Each skill lives in its own directory and must contain a SKILL.md file with YAML frontmatter:
---
name: sample_skill
description: A sample agent skill for demonstration.
---

# Sample Skill

Instructions for the agent on how to use this skill...

Registering Skills

from agentscope.tool import Toolkit

toolkit = Toolkit()
toolkit.register_agent_skill("path/to/sample_skill")

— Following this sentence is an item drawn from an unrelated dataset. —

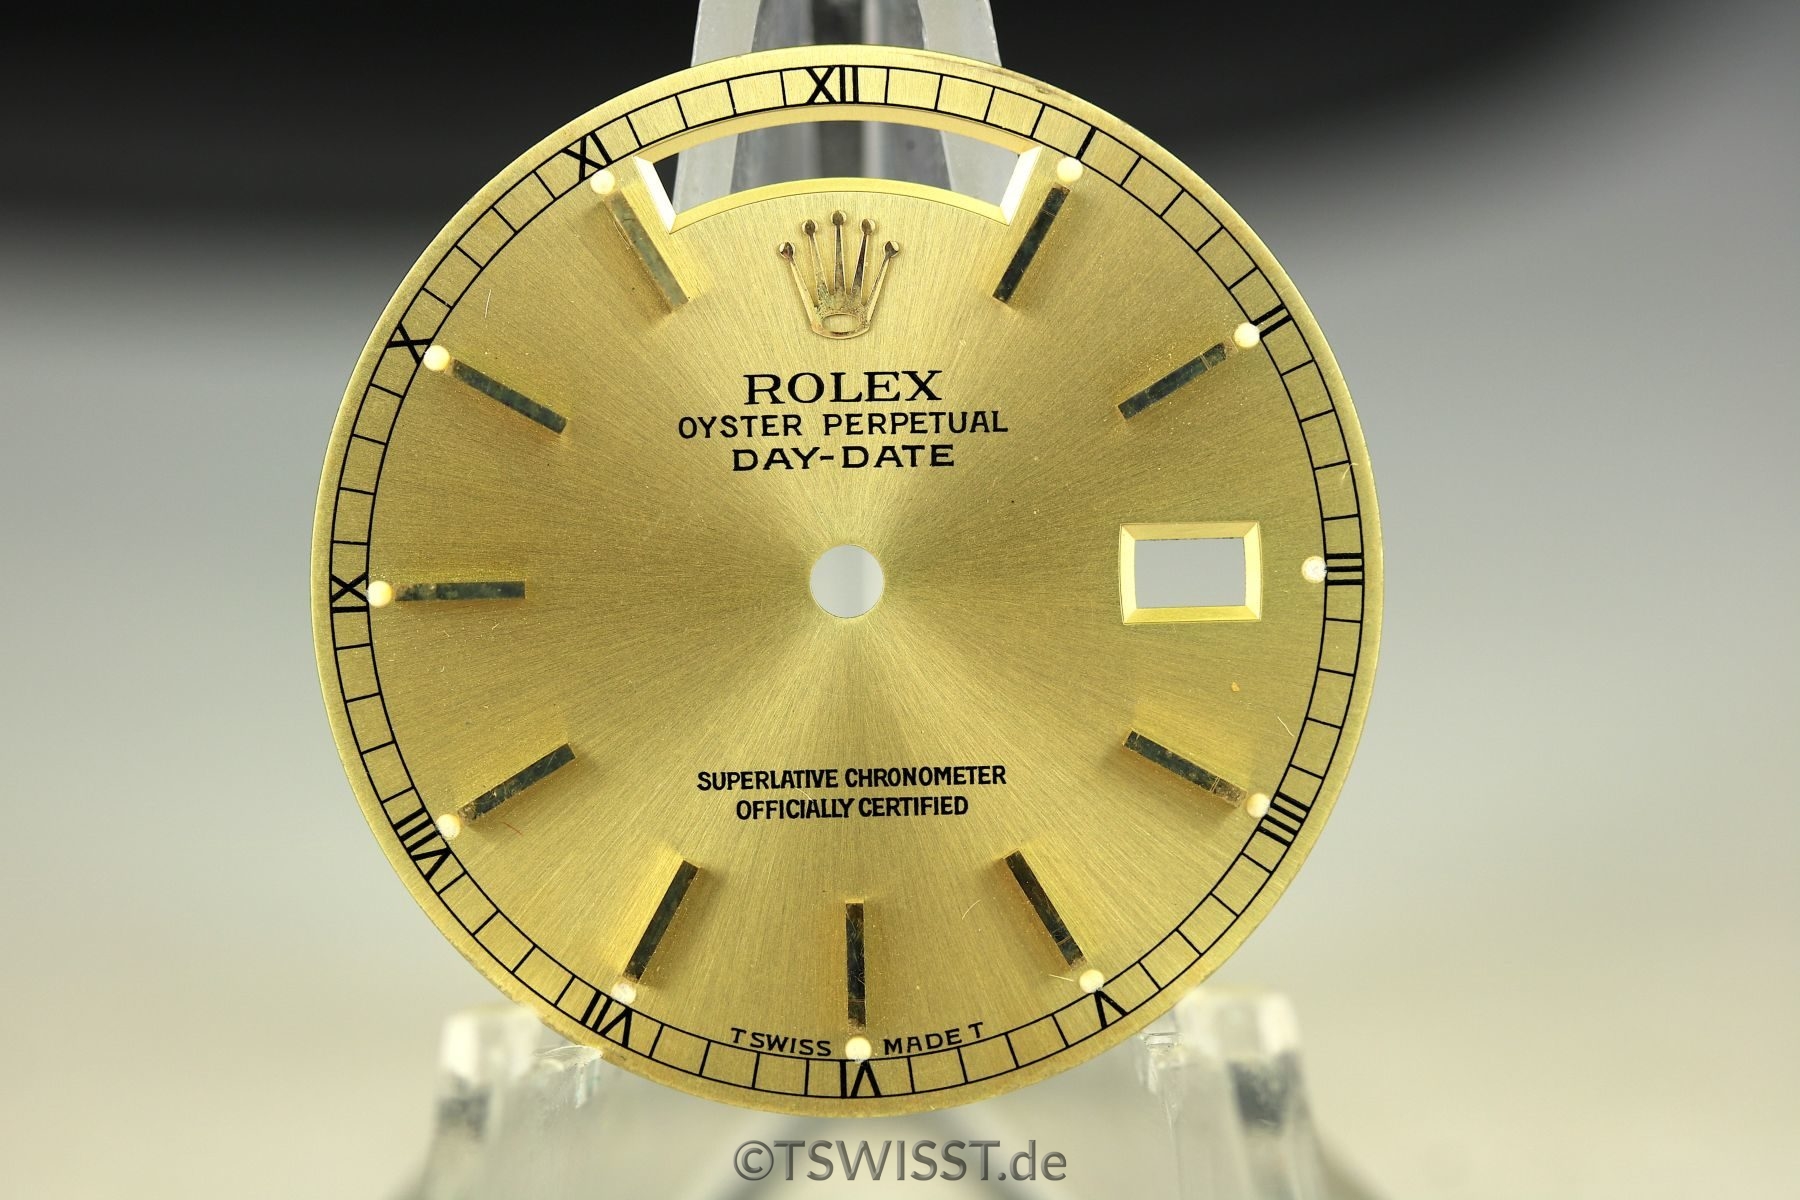 Rolex Daydate dial

print(toolkit.get_agent_skill_prompt())

Customizing the Prompt Template

You can customize how skills are presented to the model:
toolkit = Toolkit(
    agent_skill_instruction=(
        "<system-info>You're provided a collection of skills, "
        "each in a directory and described by a SKILL.md file.</system-info>\n"
    ),
    # Must contain {name}, {description}, and {dir} fields
    agent_skill_template="- {name}({dir}): {description}",
)

toolkit.register_agent_skill("path/to/sample_skill")
print(toolkit.get_agent_skill_prompt())

Integration with ReActAgent

ReActAgent automatically appends the agent skill prompt to the system prompt when a toolkit with registered skills is provided:
from agentscope.agent import ReActAgent
from agentscope.formatter import DashScopeChatFormatter
from agentscope.memory import InMemoryMemory
from agentscope.model import DashScopeChatModel
import os

agent = ReActAgent(
    name="Friday",
    sys_prompt="You are a helpful assistant named Friday.",
    model=DashScopeChatModel(
        model_name="qwen3-max",
        api_key=os.environ["DASHSCOPE_API_KEY"],
    ),
    memory=InMemoryMemory(),
    formatter=DashScopeChatFormatter(),
    toolkit=toolkit,
)
When using agent skills, the agent must be equipped with file reading or shell command tools so it can access the SKILL.md instructions at runtime.